There are many things that trouble me about social media but the most troubling by far is how so many of Generation Z have grown up devoted to the cult of it and are frantic about the number of ‘followers’ they have on every single post. They are so desperate to be liked and loved that they think an applause sign on a social media site is that love when it costs that person absolutely nothing and they may never look at it again afterwards. Just as troubling are the blind comments of support from total strangers that this generation far too often counts more than the people they actually know.

Honestly I always have a mixed reaction when I learn someone on Medium is ‘following’ me. I like it when they read my articles, I like it when they comment approvingly, I even like it when they say they hate my comments. But I really wish that there were another word – “subscriber’ or ‘viewer’ would suit me better. Every time I learn someone is following me, part of me wonders: “Am I developing a cult?”

Because that’s what most, if not all of social media is: a group of cults. I have to tell you every time I read an article on this blog arguing that people are sheep and I get to the bottom and I inevitably see the line asking for someone to ‘follow’ them, I really wonder if the writer is aware of the irony. If it were a gathering of minds to debate subjects of interest, I’d be fine with it. But so many of the columns on this blog – particularly the political ones – are written by people who want to be told that everything they say is true, that what they do is perfect and do not want their bubble punctured. This is troubling no matter what group is doing. But an entire generation that knows nothing but that bothers me far more.

So when you hear a New York Times poll that says only 54 percent of Gen Z believes democracy is the best form of government, it’s both chilling and the natural result of an entire generation raised on social media. Democracy is about building coalitions of people who don’t necessarily agree, finding a way to live with those who disagree entirely with you, about building a society where everybody’s point of view is not only equal but is treated with respect, and getting together to do the work that needs to be done, even and especially if it’s difficult  When an entire generation grows up where the major force in their life is something entirely about being part of an isolated community, where doing something with someone is too much worker and where you can just unfollow people who disagree with you – and perhaps most importantly, when your self-esteem is often built on how many virtual strangers follow you than actual people you personally know  - then of course they think democracy isn’t the best form of government.

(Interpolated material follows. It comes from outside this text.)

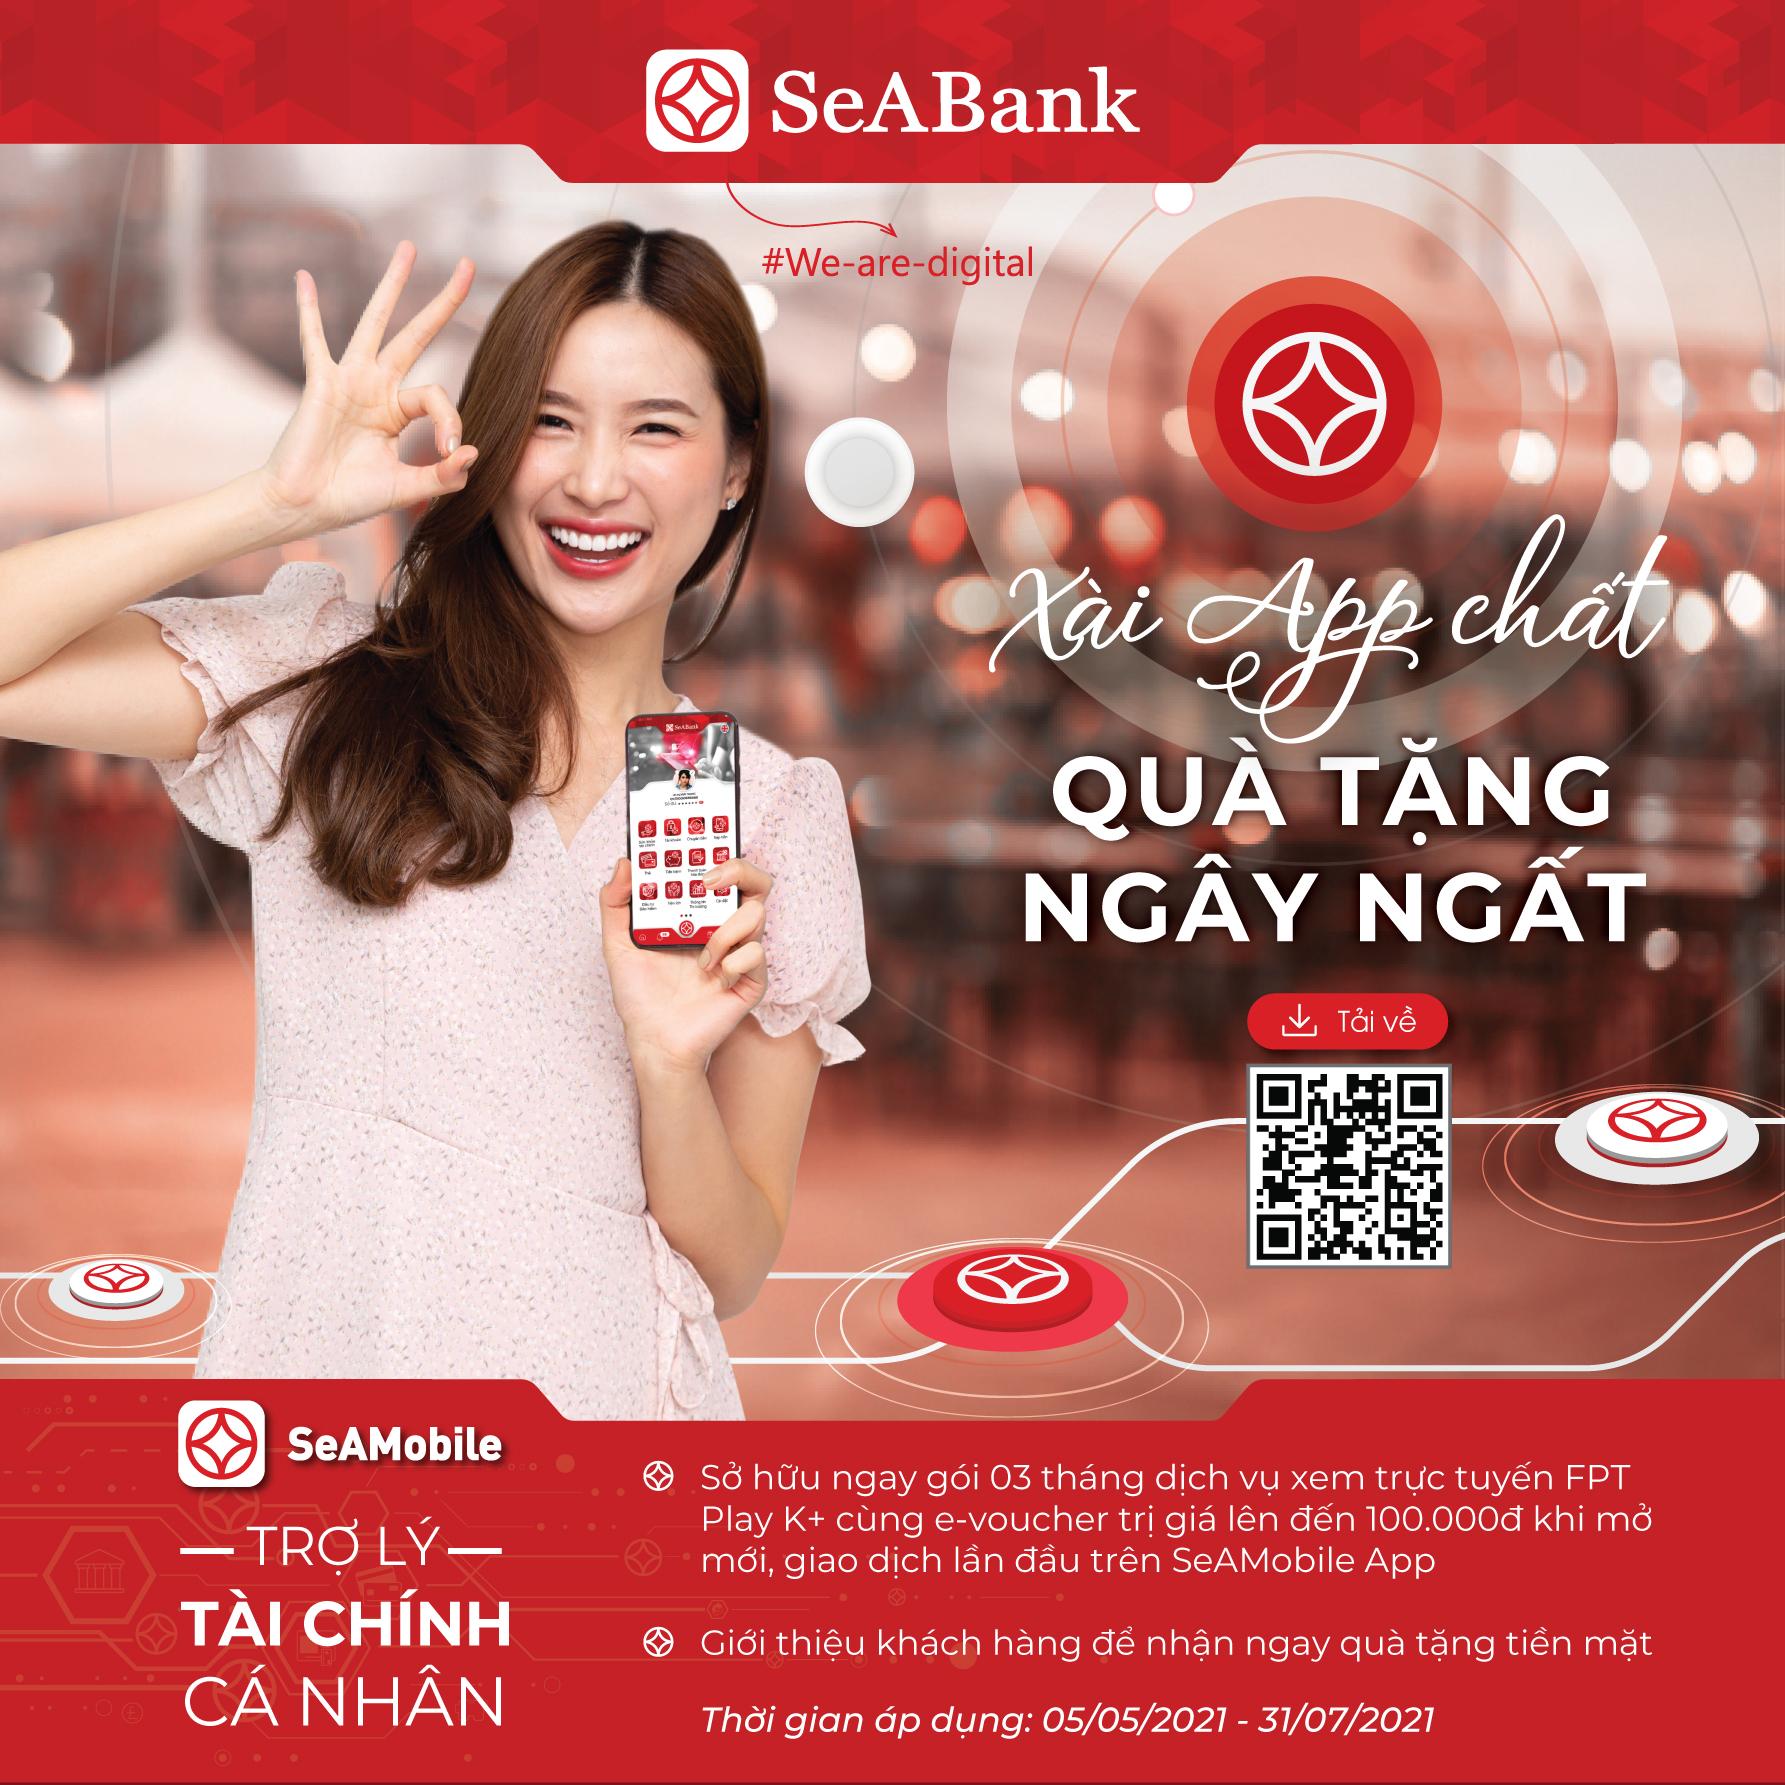 SeABank dành tặng hơn 2 tỷ đồng cho khách hàng mở mới ngân hàng số SeANet/SeAMobile - Ảnh 1.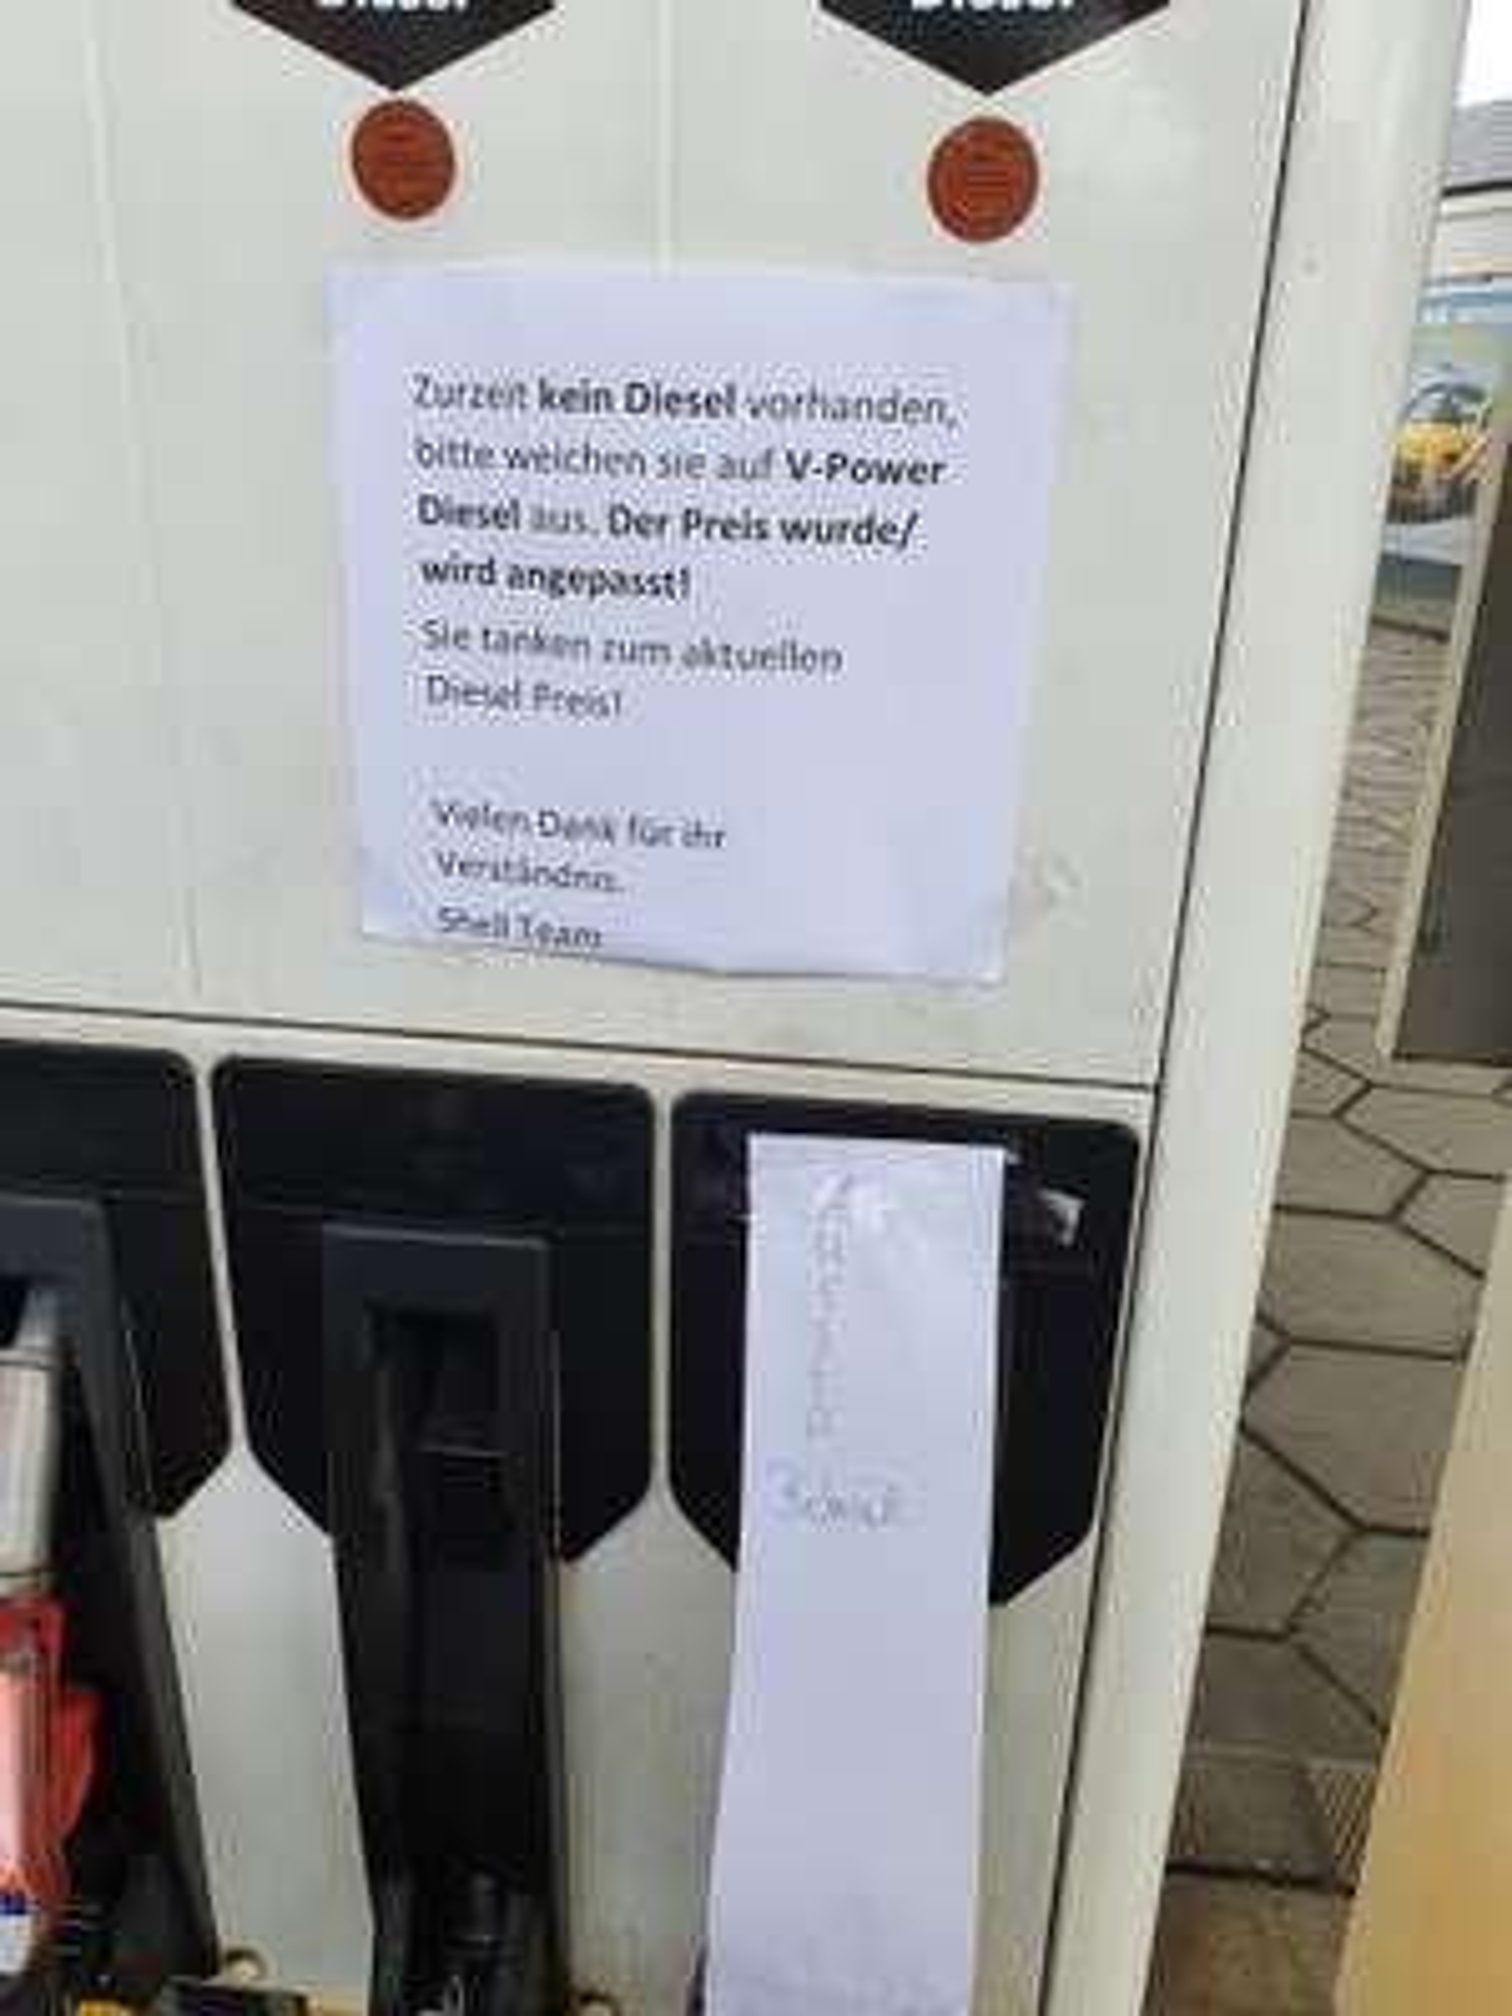 (Lokal - Hamburg Flottbek) V Power Diesel zum Diesel Preis

Yes much of it has to do with today’s political atmosphere, the rise of cable news, and eternal gridlock but the major problem is also this: democracy, when it works perfectly well, is boring. That’s always been its strength but when you have an entire generation that only has the attention span of the next clip on TikTok, then they would have no room for deep policy discussion. I honestly think even were it not for the rise of Trump and his fellow populists, this current generation would still have the same indifference to politics and democracy. It’s not exciting or thrilling, and it moves at a glacial pace. This generation can’t wait a week for the next episode of their favorite TV series.

Now I won’t pretend this is the only reason for so many of the problems the most recent generation has with today’s society: indeed, I’m going to be writing a long series on college that will give some context as to part of the problem. But the fact that so many of today’s generation are angry at everyone’s who come before them for their problems and seem less compelled to do the work to try and fix it, it has to be due to the fact that so many of them would rather spend time sending messages saying OK Boomer than actually have a conversation with one. The world is in a horrible state right now.. Only through the slow, intricate work of human connection is there the slightest of chances. A hashtag will not save it.